事件に関与したとされるメンバーを含むBIGBANGの活躍と騒動をリアルタイムで見てきたライターの西森路代さんが、『成功したオタク』を読み解き、自分事として考えるためのヒントを教えてくれました。
ターニングポイントとなった「バーニング・サン事件」
「推し」という言葉が一般的になってもう何年かが経つが、広く知られるようになったからこそ、本来なら「推し」の範疇ではないことも「推し」のこととして語られたり、過剰に資本主義に取り込まれてしまうような歪みも見え始めたりしているように思う。
歪みが見え始めた結果、「推し」を持つ人にとって、「推し」がなんらかの問題を起こしてしまったり、事件に巻き込まれてしまうことは恐怖のひとつとなってきたのではないだろうか。
宇佐見りんの小説『推し、燃ゆ』(2020年)は、「推し」がファンを殴ってしまったことから始まる物語で、共感を持って受け止められた。韓国で制作されたドキュメンタリー映画『成功したオタク』も、「推し」がなんらかの罪を犯した後のファンたちに焦点を当てた話である。
しかも、これはフィクションではない。実際に起こったことに対するファンの気持ちと行動を追っているのだ。
韓国でフェミニズムを語るときに、2016年の「ソウル江南トイレ殺人事件」や、2018年から2020年までの「n番部屋事件」があったことがターニングポイントだったと言われている。そこに加えて、2018年の「バーニング・サン事件」への怒りも大きかったのではないかと思われる。
「バーニング・サン事件」の中心人物であるBIGBANGのメンバーのV.I(彼はクラブ・バーニング・サンの経営に関わっていた)が、女性たちを映した違法撮影物を流布したという報道には私もショックを受けた。彼が動画を共有していたグループチャットには、表舞台で活躍していたミュージシャンなどが多数いて、その名前を見ると、ちょうど自分が主にK-POPの仕事をしていた頃に活躍していた人たちばかりでなんとも言えない気持ちになった。
私自身もBIGBANGの取材をしたこともあったし(人気が凄すぎて記者会見にしか行ったことはないが)、ライブにも何度も通っていたファンであったが、「バーニング・サン事件」が明るみになるずっと前のライブでメンバーのG-DRAGONが、アルバムや仕事のことで連絡を取り合うBIGBANG内のグループチャットにおいて「スンリ(V.I)さんは、僕らのグループチャットには、まったく反応してくれない。ビジネスが忙しいのかな?」といったことを冗談とも嫌みともつかない感じで言っていたことを覚えている。
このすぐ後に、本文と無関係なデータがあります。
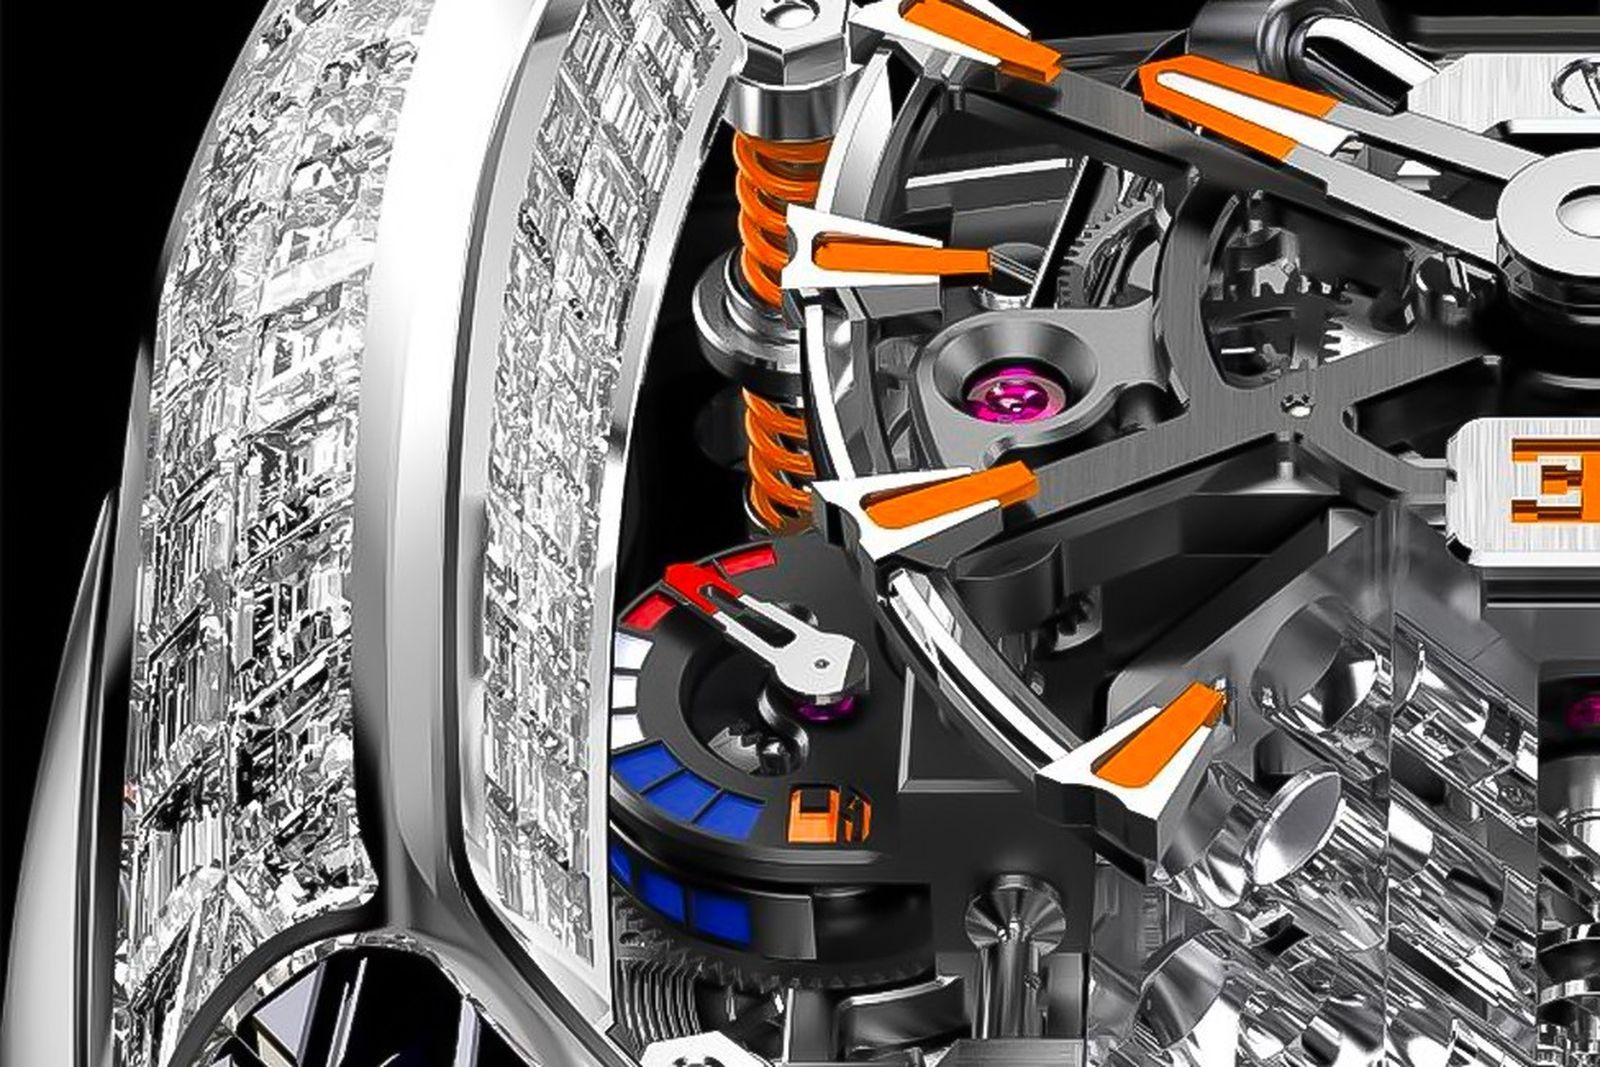 jacob-and-co-bugatti-chiron-tourbillon-black-orange-03
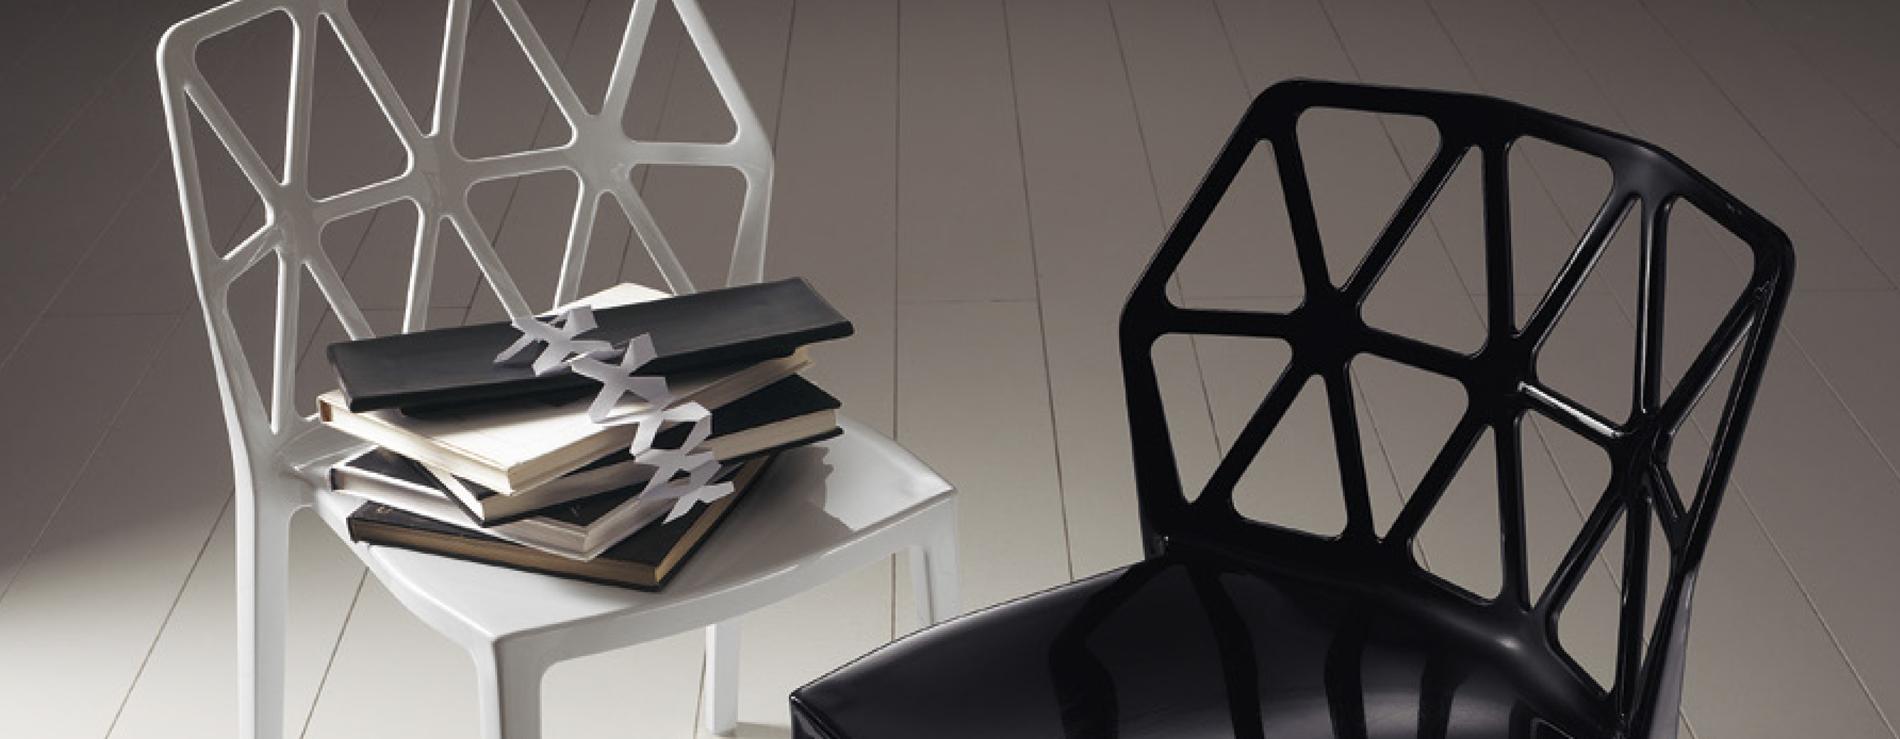 Tavoli - sedie - sgabelli moderni - Scavolini - Centro Mobili

バラエティなどでも活躍する、グループで一番年下で三枚目なキャラクターのスンリが、あのカリスマ揃いのグループの中で、そんな不遜な態度をとっているとは、意外なもんだなと思った記憶があるが、後になって事件を知り、V.Iはバーニング・サンの仲間とのチャットでは頻繁にやりとりをしていたのかと思うと腹立たしかった。被害女性のことを考えると、そんなものではすまされないのだが。
それまで真剣に応援してきたファンであれば、どれほど衝撃を受け、傷ついただろうか……。そんな痛みが描かれているのがこの『成功したオタク』なのである。
しかし、「推し」は性加害で逮捕されてしまう
『成功したオタク』の監督のオ・セヨンは、まさにその「バーニング・サン事件」のグループチャットに参加していたミュージシャンのファンであった。彼女は、その「推し」に認知もされているようなファンで、いわゆる「成功したオタク」の一人だった。
しかし、「推し」は性加害で逮捕されてしまう……。
彼女の場合も『推し、燃ゆ』のように、「推し」は自分の「背骨」のようなものだったからこそ、傷つき怒りを覚えた。彼女の友人のひとりは、推しに対して「一生刑務所から出てくるな。女性たちをダマす男なんて人間じゃない」と怒りを露わにしていた。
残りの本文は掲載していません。